Lake County Board of Supervisor Anthony Farrington Announces Candidacy for Californias Fourth Assembly District

bar Farrington_AssemblyPicAnthony Farrington, 43, announced his candidacy for California’s Fourth Assembly District, a seat currently represented by Assemblymember Mariko Yamada who will be termed out in 2014. He is a registered Democrat.

Farrington is now in his fourth term on the Lake County Board of Supervisors elected in 2001. He holds a bachelor’s degree in International Relations from the University of California at Davis, and a law degree from Concord Law School. He managed the state water rights program for the Regional Council of Rural Counties, and also worked as an educator prior to being elected. Farrington is currently a Board Member for the Napa-Lake Workforce Investment Board, the California State Association of Counties (CSAC), and the Rural County Representatives of California (RCRC). In addition, Farrington practices law as a private attorney.
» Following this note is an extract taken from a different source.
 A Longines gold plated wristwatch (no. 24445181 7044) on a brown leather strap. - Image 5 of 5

The newly drawn Fourth District includes all of Lake and Napa counties, and portions of Yolo, Colusa, Solano, and Sonoma Counties. Farrington’s pioneer family has called northern California home for over 160 years. His great Grandfather George Major Hanson who led his family to California was a State Senator and personal friend of Abraham Lincoln where he served in the Illinois State Legislature, and then as Director of Indian Affairs under President Lincoln. Besides Lake County, Farrington has also lived in Yolo, Napa, and Colusa counties. Farrington said, “my work and life experience make me a unique fit for this newly drawn district.” He further stated, “My ties to each community will ensure that each community will have a strong voice.” As a candidate, Farrington offers the voters an opportunity to vote for somebody who has a track record of success and who can provide solutions. As an Assemblymember, Farrington will work hard to be accessible, and provide excellent constituent services.
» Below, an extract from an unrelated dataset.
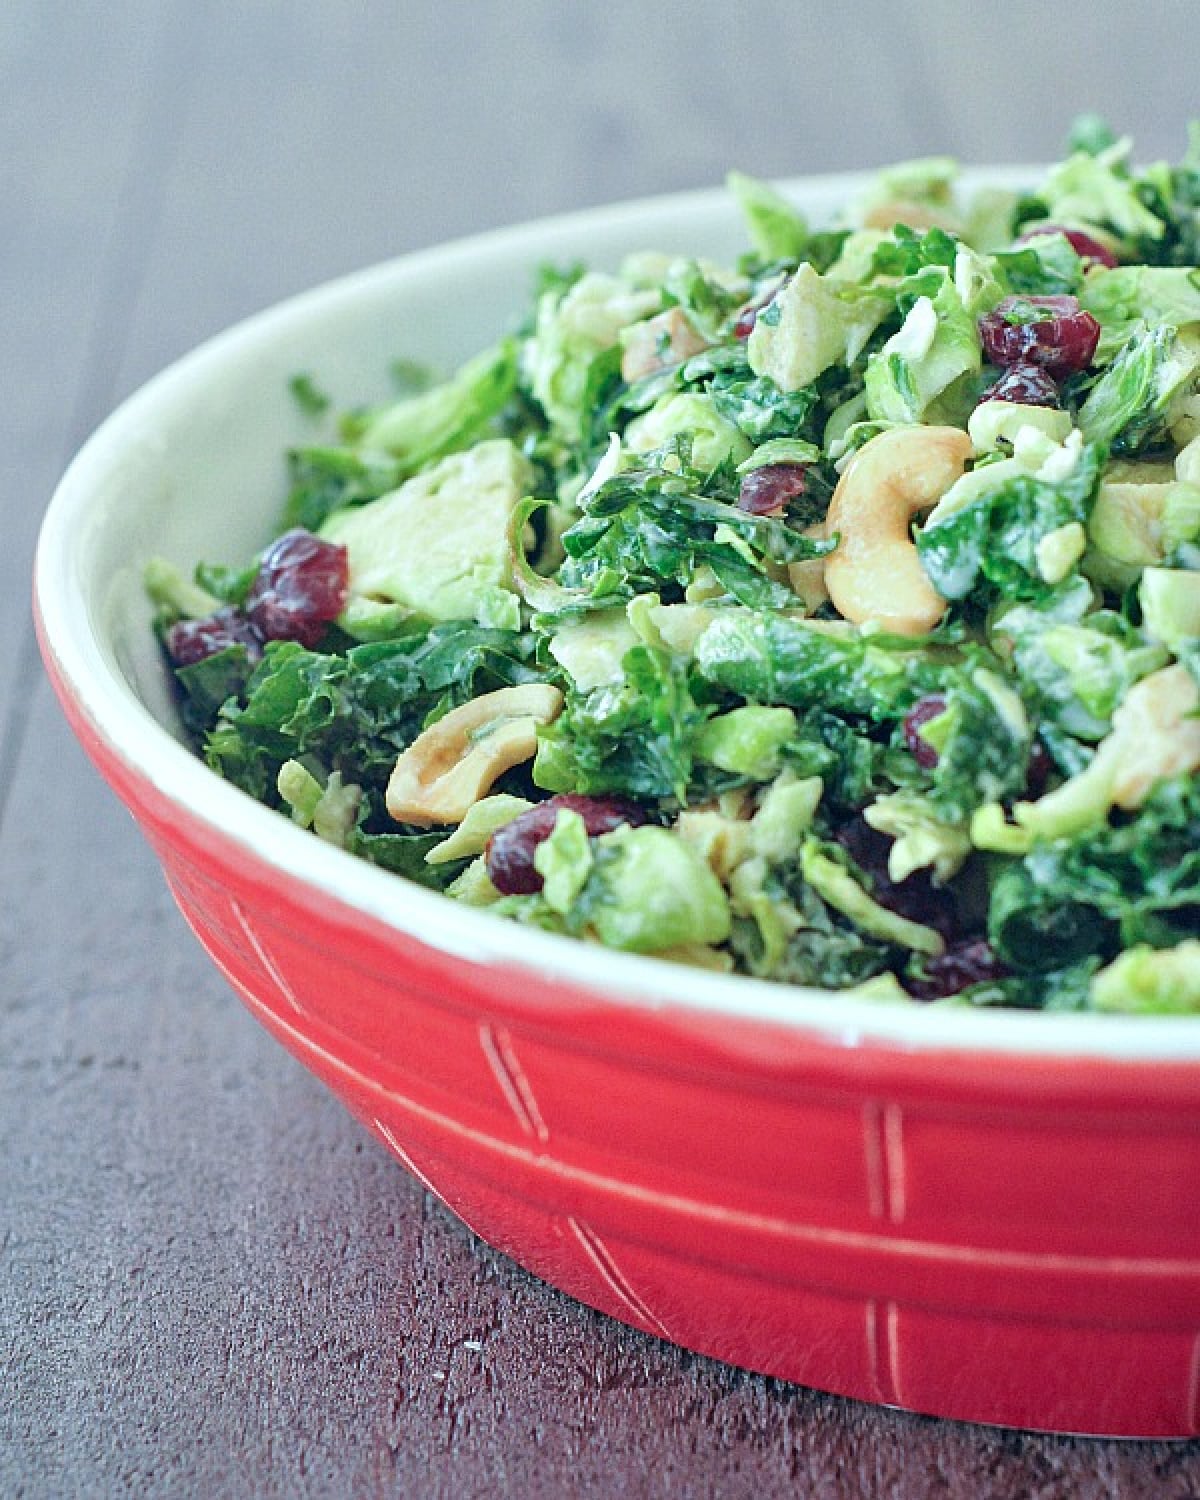 Lemon brussels and kale salad with cashews and dried cranberries in a large red serving bowl

In 2012, Farrington garnered over 70% of the vote, and in fact received one of the highest percentages of votes in the state where an incumbent was challenged. Farrington attributes much of his political success in his ability to build consensus. Farrington has proved that he can reach across the aisle and work with members of the Republican Party. Farrington often quips that his consensus building skills has even led him to “walk down the aisle with a Republican.” Farrington affectionately refers to his fiancée Jacquelyn St. Martin as a “Texas Republican.” St. Martin is originally from Texas but moved to Napa in pursuit of her passion and dream to work in the wine industry. Farrington said, “She and I do not agree on many issues, however we have learned to work together despite our differences. People are sick and tired of political bickering and partisan politics, they want representatives that can work together and provide solutions, not roadblocks.”

Farrington added, “I believe that the state needs to focus on core services to the public, which include education, public safety, safeguarding our environment, and being business friendly.” Farrington strongly believes that the state should look at the reallocation of tax resources which would give greater discretion in spending to local elected officials and school districts. As a former educator, and now County Supervisor, he said he knows that “teachers and local elected officials know best how to meet the needs of our students and local residents, not politicians in Sacramento.”
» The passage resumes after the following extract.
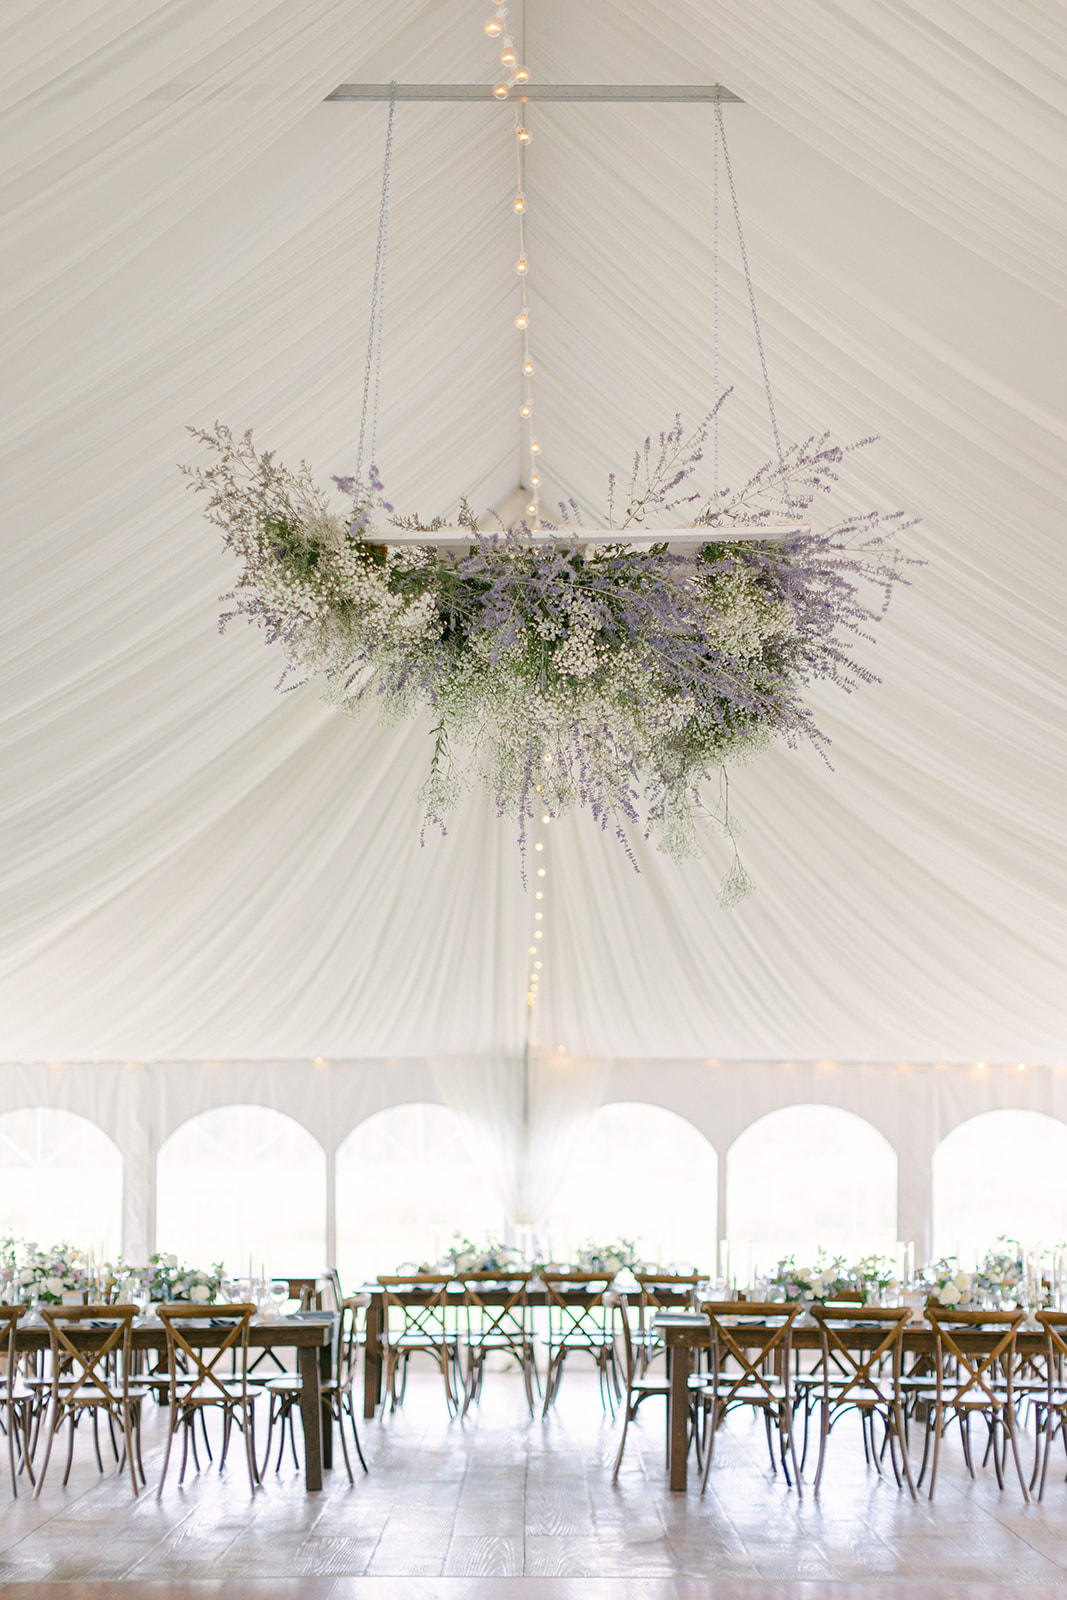 Elegant and timeless reception set-up by Slater Events

Farrington said that there are a number of issues facing the Fourth District; however the main issues are the economy, and the need to create a good environment for businesses to succeed and thrive; strong support for agriculture, in particular preservation of precious agricultural land; and water, especially now that many state leaders are pushing for the construction of dual tunnels through the Bay-Delta which would transport water from northern California to southern California. Farrington is concerned that this project will threaten northern California water supplies, and devastate Bay-Delta wetlands and fisheries. “This project is bad for northern California, period,” he said. In addition, Farrington wants to make infrastructure a priority. Farrington said that “the state has lost its way when it comes to providing adequate infrastructure and investment in our roads, water, and sewer. Investing in infrastructure is not “politically expedient for politicians,” he said, explaining that by the time money is appropriated, and the projects are completed there are different politicians at the ribbon cutting ceremony. “Most politicians are looking for quick fixes.”

Farrington is proud of his many accomplishments while serving on the Board of Supervisors which include a balanced budget during his 12 years in office; his leadership and support for agriculture; preservation of open space, and creating new wetlands; securing water supplies; bringing business to California, and providing leadership and support of green energy by building the largest municipal solar array facility in the western United States – Lake County is a net exporter of energy. Farrington is also proud that he is not tied to Sacramento or the political machine that often produces cookie-cutter candidates, and attempts to make every election a coronation. Farrington concluded, “I think I provide an opportunity for people to look at politics differently. I am not a candidate who will say and do anything to get elected. I have always wanted to dedicate my life to be of service to others. That is what I offer as a candidate, and that is my motive for running.”